The Uniqueness of Production Software

I’d like to share some knowledge I acquired while working at BCG Gamma as a Software Engineer. One aspect of my job is to think about to best software design when given constrained development time and tight deadlines. In my experience, a specific design pattern has proven time and again to be useful when manipulating data frames in Analytics or Data Science projects. I’m not claiming that this pattern is novel or original, nor am I the first to reveal these principles. In fact, you can find similarities with internal database architecture in the form of a shared commit log. My reason for including it here is to help sprout ideas and discussions around the subject by focusing on organizing and sharing knowledge.

Our shared objective is clear: To improve reproducibility, testability and scalability in AI Applications. We have accomplished all three first-hand at BGC Gamma while implementing AI at scale in production projects at large European retailers, airlines and at our own Source.ai platform. Let me be clear: production software has very different requirements compared to a PoC or an MVP: Something considered acceptable in an earlier stage of project may have consequences in later phases of production that would not occur with these other projects. This is to say that the initial application design matters because defects are harder to correct when scaling up in width (feature) and depth (productionization).
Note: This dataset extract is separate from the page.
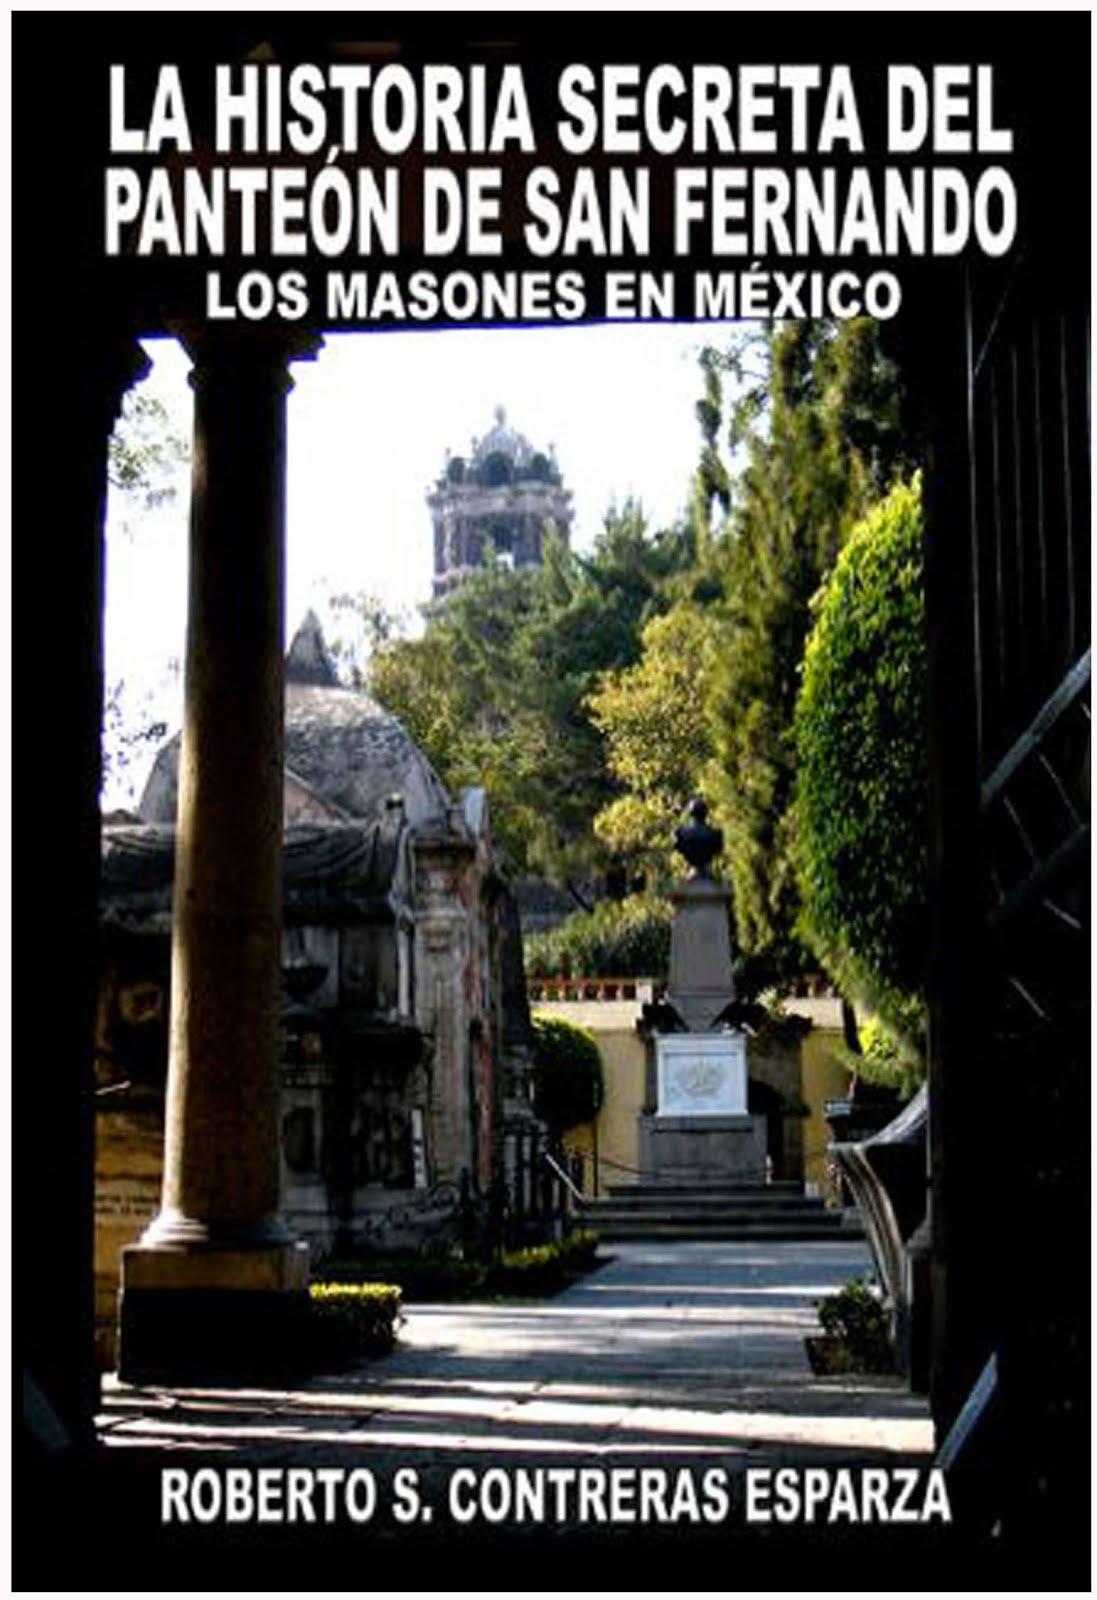 ELLOS ERAN MASONES

It is equally important to note the importance of retaining all experiment data when prototyping. I’ve witnessed many teams struggle to recover or recreate results they just presented in a meeting. Failing to retain data not only damages a team’s credibility. It can also lead to the loss of valuable insights that may play a key role in follow-up work or comparison. Suffice to say: Your data must be accessible at all times.

Of course, extra performance is always welcomed — especially in software that will be used several times a day and drive the company’s bottom line.

Term Definitions

SIDE EFFECT

In computer science, a function or expression is said to have a side effect if it modifies some state outside its local environment (such as when reading a file or writing to a socket).

PURE FUNCTION

In computer science, a pure function is a function that evaluates with no side effects.

DETERMINISTIC

A deterministic algorithm is an algorithm that, given a particular input, will always produce the same output.

CACHEABLE

An expression is called cacheable (referentially transparent) if it can be replaced with its corresponding value without changing the program’s behavior.

MEMOIZATION

Memoization is an optimization technique used to speed up programs by storing the results of expensive function calls and returning the cached result when the same inputs occur again.

TESTABLE

There is a strong correlation between good design and a testable system. Code that has weak cohesion, tight coupling, redundancy and lack of encapsulation is difficult to test.

Designing AI-Driven Scalable Applications

First, let’s establish some principles for the algorithms in our applications:

Functions must always return a result.
Functions must never change the state outside of their local environment (i.e. with no side effects).
Functions must always return the same result given a set of input parameters (referential transparency).

You may wonder how, if functions are forbidden from creating side-effects, they can interact with other programs or humans. For that purpose, an application is built with a “pure” algorithmic core and an “impure” wrapper around it. Core functions can call only other pure functions. Only the wrapper is free to call any pure or impure functions and allowed to create side effects.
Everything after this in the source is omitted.